[GIT] Setting Up Git (and MCP?) on a New Laptop
Some background story: I tried to put myself in the open and practice pair-programming. I recently got a new laptop and before the meeting, I installed my tools, cloned a public repo, pushed a commit in my own repo — everything worked.
Then came the pair-programming session.
Turns out, cloning a private repo is a completely different vibe when your SSH key or access token doesn’t exist yet. Thirty minutes evaporated. I couldn’t clone the repo. I couldn’t share my screen. I could, however, contribute a very long and uncomfortable silence. Murphy’s Law (1.0): “Anything that can go wrong will go wrong” — and Murphy apparently also does code reviews.
So, future me (and maybe you): here are the commands to get Git properly set up from day one so this never happens again.
Bonus: I also threw in how to connect your GitHub in Claude Code MCP, because why not over-prepare this time.
🚧 Getting Git working properly on a fresh machine takes more than just installing it.
This guide walks you through identity config, SSH key setup, and cloning both public and private repositories — via SSH or HTTPS.
1. Install Git
Check if Git is already installed:
Check Git version
git --version
If it’s not installed, on macOS run:
Install Git via Homebrew
brew install git
2. Configure Your Identity
These values are attached to every commit you make.
Set your name
git config --global user.name "Your Name"
Set your email
git config --global user.email "you@example.com"

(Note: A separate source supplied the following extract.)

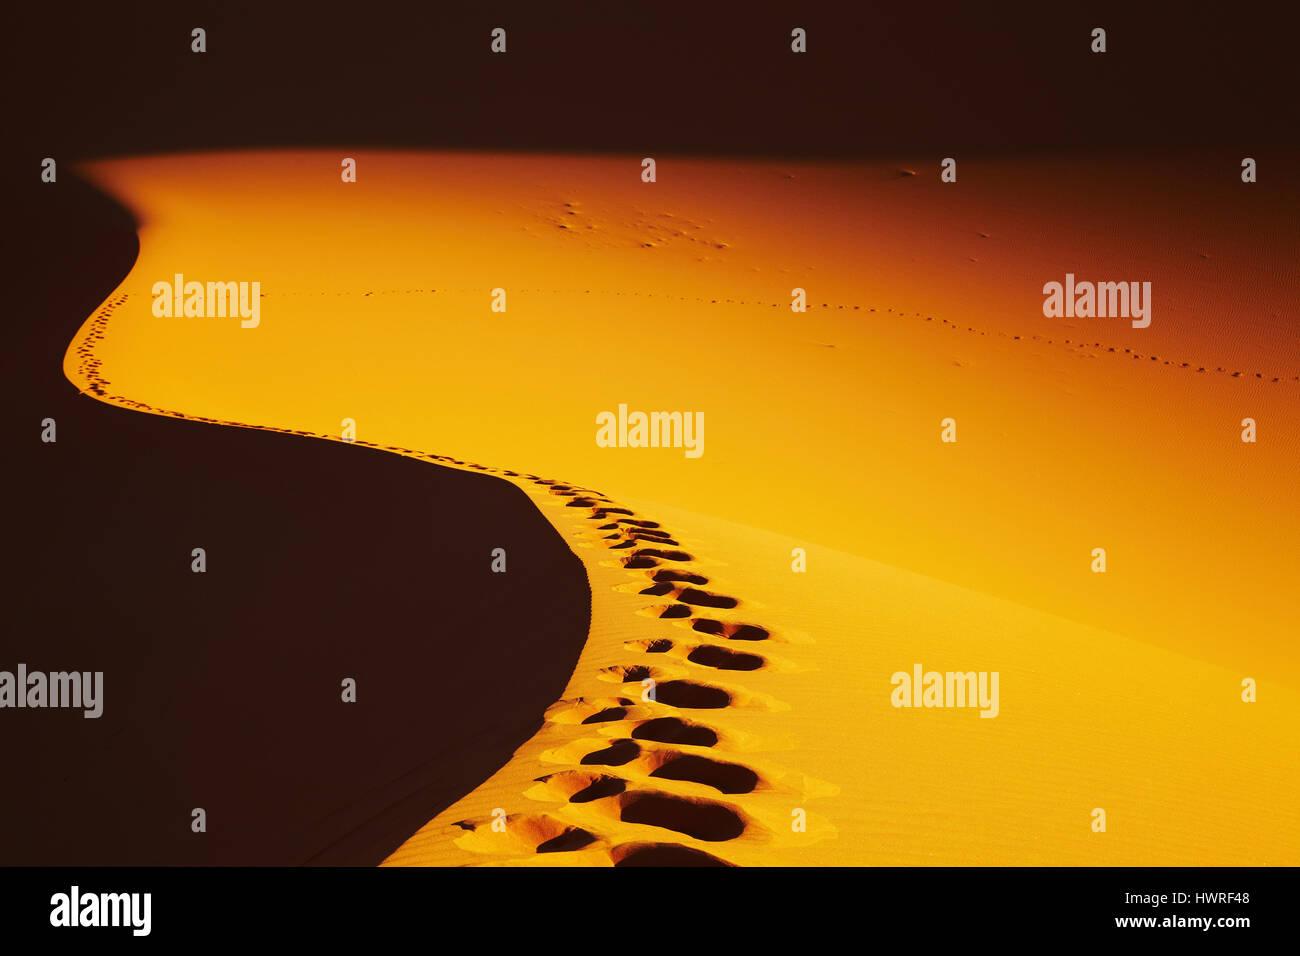 Footprints on sand dune, Sahara Desert, Algeria - Stock Image

Set default branch name to main
git config --global init.defaultBranch main
3. Generate an SSH Key
Use your GitHub email as the label.
Generate an ed25519 SSH key
ssh-keygen -t ed25519 -C "you@example.com"
When prompted, press Enter to accept the default file location (~/.ssh/id_ed25519). You can also set a passphrase for extra security.
4. Add the Key to the SSH Agent
Start the SSH agent
eval "$(ssh-agent -s)"
Add your private key to the agent
ssh-add ~/.ssh/id_ed25519
5. Add Your Public Key to GitHub
Copy your public key to the clipboard:
Copy public key (macOS)
pbcopy < ~/.ssh/id_ed25519.pub
Print public key (Linux / no pbcopy)
cat ~/.ssh/id_ed25519.pub
Then in GitHub, go to Settings → SSH and GPG keys → New SSH key, paste the key, and save.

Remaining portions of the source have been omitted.